Background information
- Origin: Guildhall, London
- Genres: Operatic pop; vocal; swing;
- Years active: 2004–2007; 2014–present;
- Labels: Sony BMG; BMG; Amick Productions;
- Members: Jonathan Ansell; Mike Christie; Duncan Sandilands; Jai McDowall;
- Past members: Matthew Stiff; Ben Thapa; Nick Ashby; Lewis Raines; Tom Lowe;
- Website: www.g4official.com

= G4 (group) =

British vocal troupe

G4 are a four-piece British vocal troupe who first came to prominence when they finished second in Series 1 of The X Factor in 2004, and are known for their operatic delivery of modern pop songs. Originally a barbershop quartet, the members met at the Guildhall School of Music and Drama, from which the name G4, standing for "Guildhall 4", derives.

In 2007 the band disbanded, citing disagreements among the members, but reunited in 2014 to celebrate their ten-year anniversary with a number of concerts nationwide, leading to a new album for Christmas 2015.

The group currently consists of original members tenor Jonathan Ansell and baritone Mike Christie, with Michael Conway joining after Jai McDowall left in 2025, while Duncan Sandilands replaced former bass singer Nick Ashby in 2019, who had replaced original bass Matt Stiff in 2014.

== History ==
===2004:The X Factor===
In 2004, shortly after Stiff replaced original bass Tom Lowe, G4 spontaneously applied to The X Factor with the intention of using the show to obtain a quote on posters for upcoming concerts and gain publicity – prior to this they performed as buskers during their free time at college to earn extra money and gain experience. Although the band members originally took it in turns to sing lead, Simon Cowell – who had dismissed them as "fat buskers" – suggested that Ansell be promoted to the group's frontman. Mentored by Louis Walsh, they reached the final, and to date G4 remain one of only two classical-based acts to compete in the live shows, the other being Welsh baritone Rhydian – coincidentally, both placed second in Series 1 and 4 respectively, but outsold the eventual winners. Cowell, who had mentored Series 1 champion Steve Brookstein, later admitted that G4 were the real winners of the competition.

Despite their success on the show, G4 later branded The X Factor as a pantomime due to staged conflict between the judges which overshadowed the contestants. Bass singer Stiff also stated "Backstage Simon would say we were great, but then on camera say nothing. I don't think he wanted us to win and by choosing what he said on camera he knew he had the power to sway votes. He is the ringmaster". In 2013, none of G4's singles appeared on The X Factor – Greatest Hits album.

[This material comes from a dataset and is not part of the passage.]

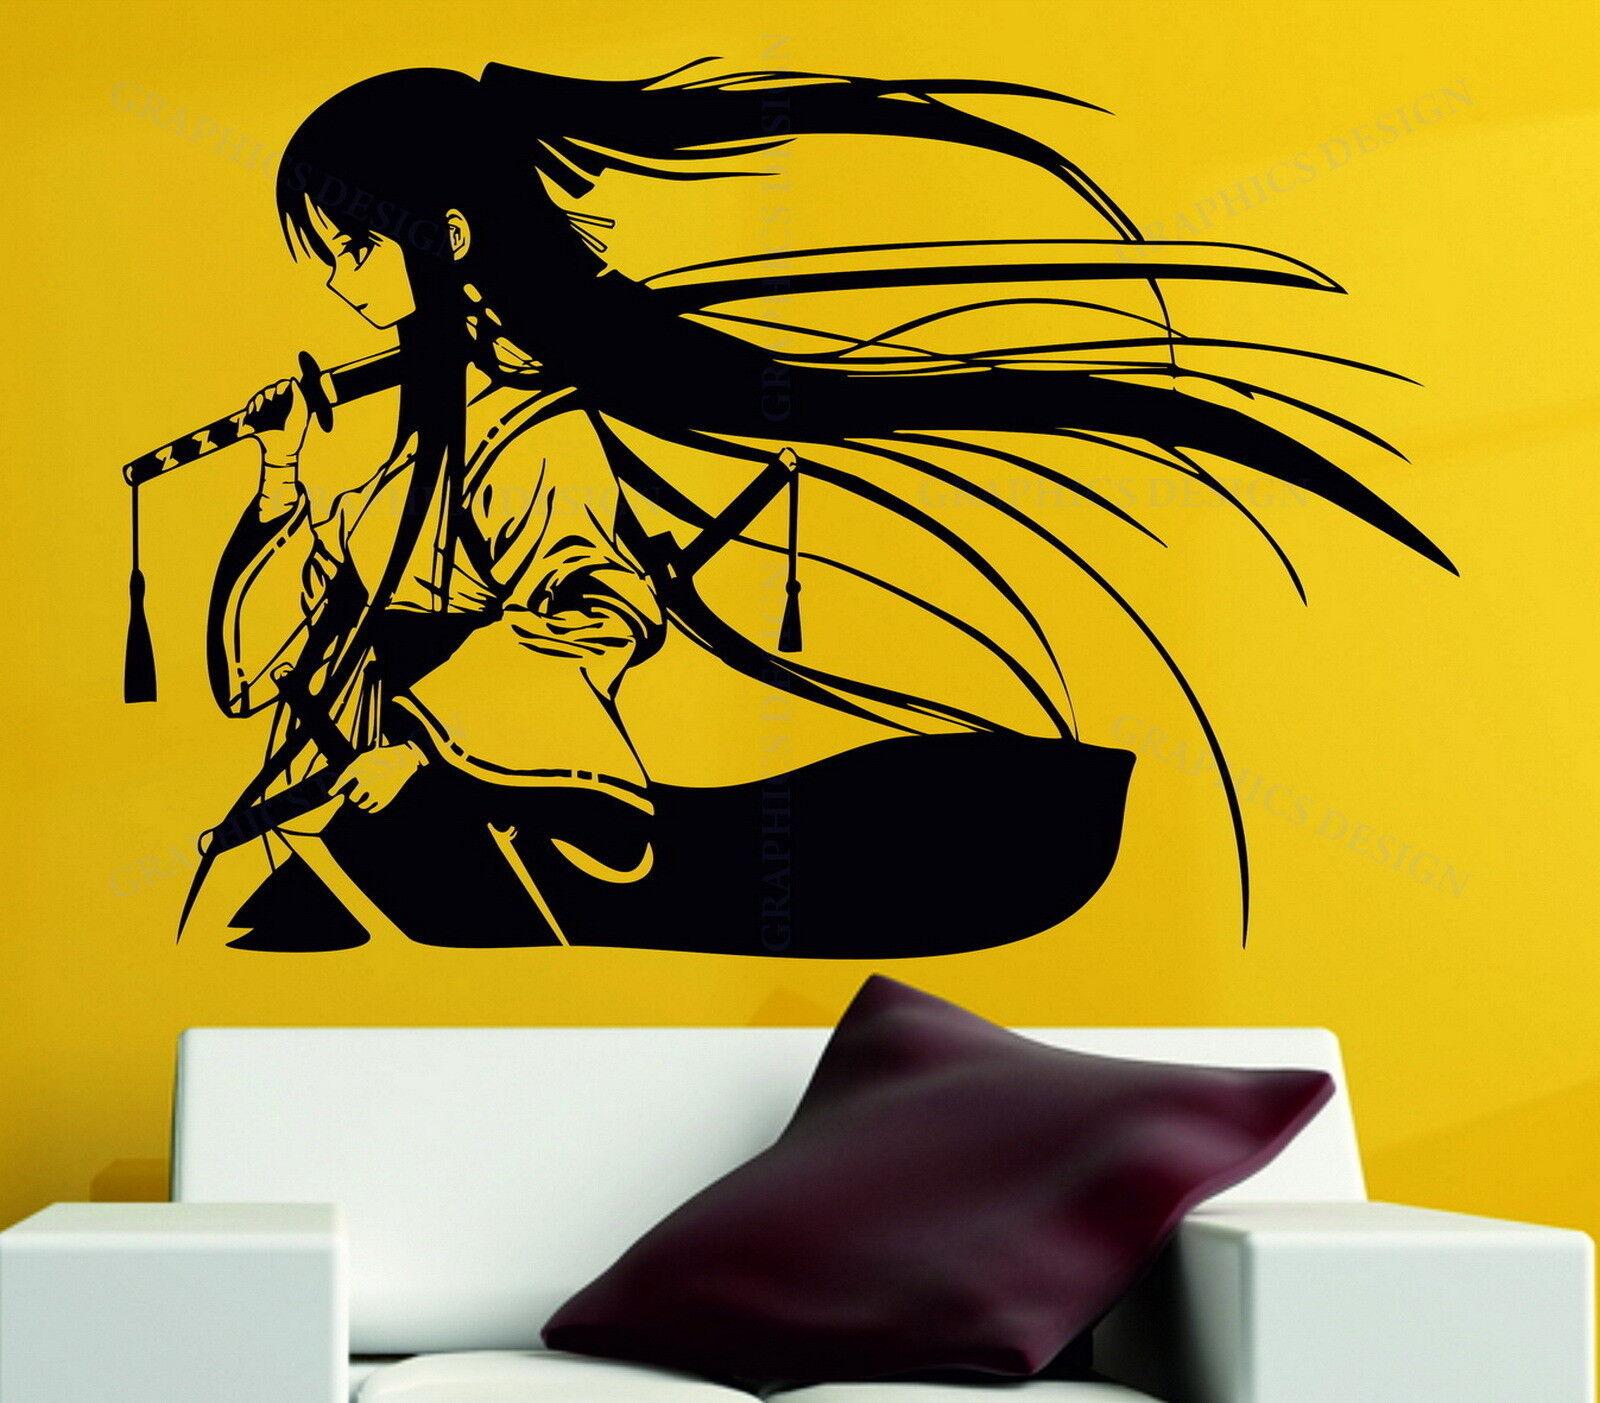 Samurai Geisha Japanese Katana Swords Anime Decorative Vinyl Wall ...
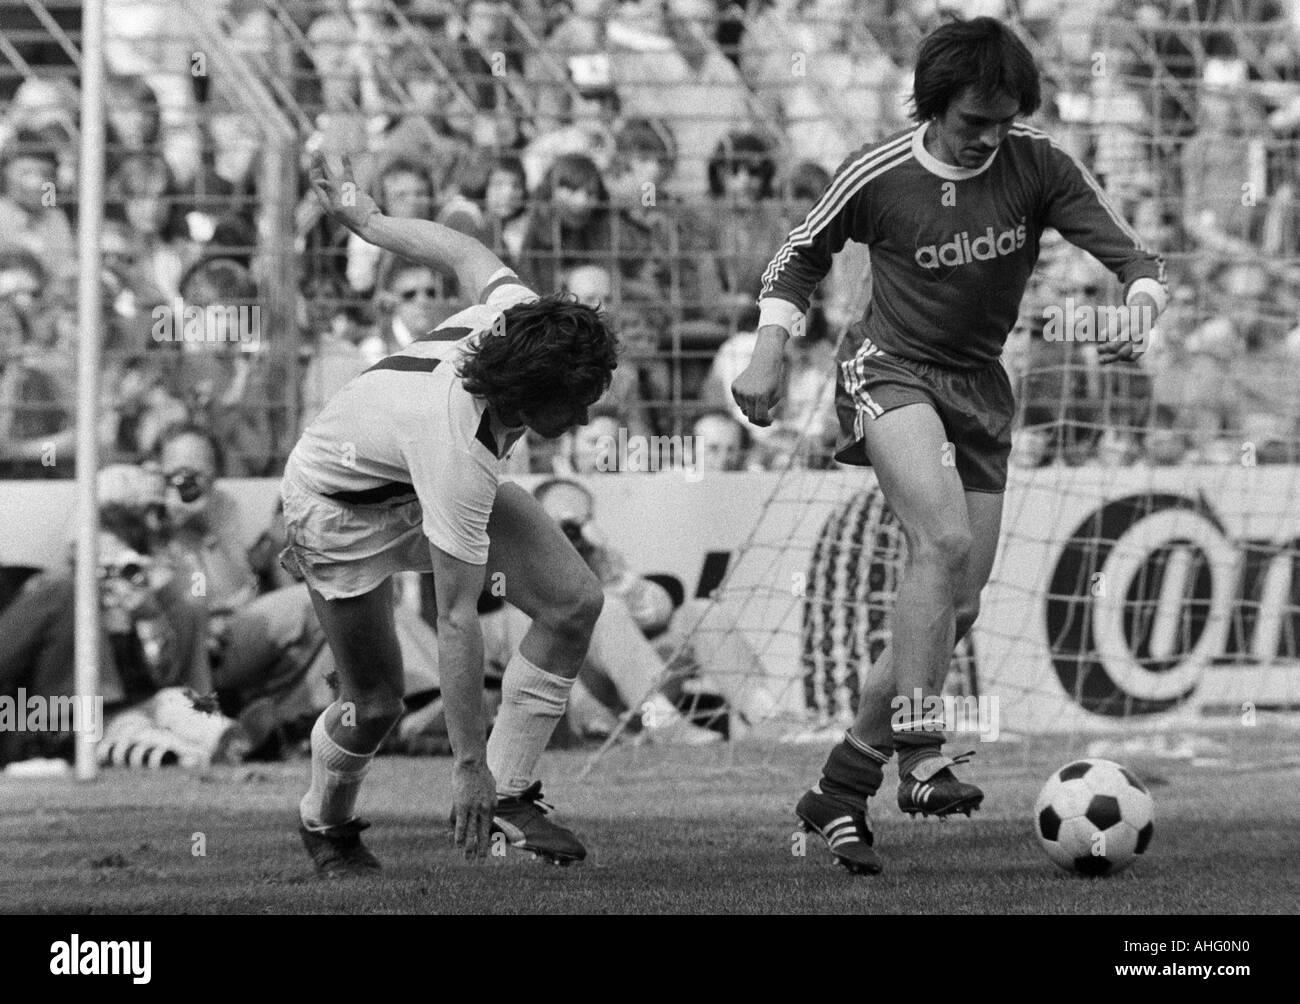 football, Bundesliga, 1973/1974, Borussia Moenchengladbach versus FC Bayern Munich 5:0, Boekelberg Stadium, scene of the match, duel between Jupp Heynckes (MG) left and Jupp Kapellmann (FCB) - Stock Image

===X Factor performances===

| Stage | Song | Placement |
|---|---|---|
| Audition | "Bohemian Rhapsody" | – |
| Bootcamp | Original song "Right Now", "I Swear", and "Danny Boy" | – |
| Judges' houses | "Creep" | – |
| Week 1 | "Everybody Hurts" | Safe |
| Week 2 | "Don't Look Back in Anger" | Safe |
| Week 3 | "...Baby One More Time" | Safe |
| Week 4 | "Circle of Life" | Bottom Two |
| Week 5 | "My Way" | Safe |
| Quarter-Final | "You'll Never Walk Alone" and "Somebody to Love" | Safe |
| Semi-Final | "O Holy Night" and "Bohemian Rhapsody" | Safe |
| Final | "Nessun Dorma", "Bohemian Rhapsody" and "Creep" | Runners-up |

===2005: G4 and G4 and Friends===
After The X Factor, G4 signed a £1.5 million album deal with Sony BMG. Having not been picked up by Cowell, Sony A&R Nick Raphael said that his label decided to pursue the band, stating: "We felt that they were the best act on the show." With the rules of The X Factor allowing any non-winning band or artist to sign with anyone, Sony competed with Universal and EMI for G4's signatures. Raphael believed their mentor-turned-manager Walsh accepted Sony BMG's advances because the company had a plan of how to work with them as opposed to their competitors who merely had a desire to sign the band. In addition, Sony also had a definitive date to release any albums and merchandise, as well as organised structure to make their records. During this time, Ansell, who had previously auditioned to be a member of Il Divo, was offered the role of Prince Tamino in Kenneth Branagh's modern adaptation of The Magic Flute, but turned it down to remain with the band.

The debut album, G4, was released on 28 February 2005, and contained classical covers of popular pop songs, most of which had been performed on The X Factor like "Everybody Hurts", with a few opera tunes such as "Nessun Dorma" and "Flower Duet". Most of the tracks are produced by Graham Stack and Brian Rawling. The debut single, "Bohemian Rhapsody" cover, was released on 14 March 2005, and entered the charts at #9. Following the success of G4, G4 embarked on a 25-day arena tour. The album debuted at the number one spot in the UK Albums Chart on the Mother's Day weekend selling 244,671 copies in the first week, becoming the fastest-selling album of 2005. It has sold 611,000 copies as of December 2012.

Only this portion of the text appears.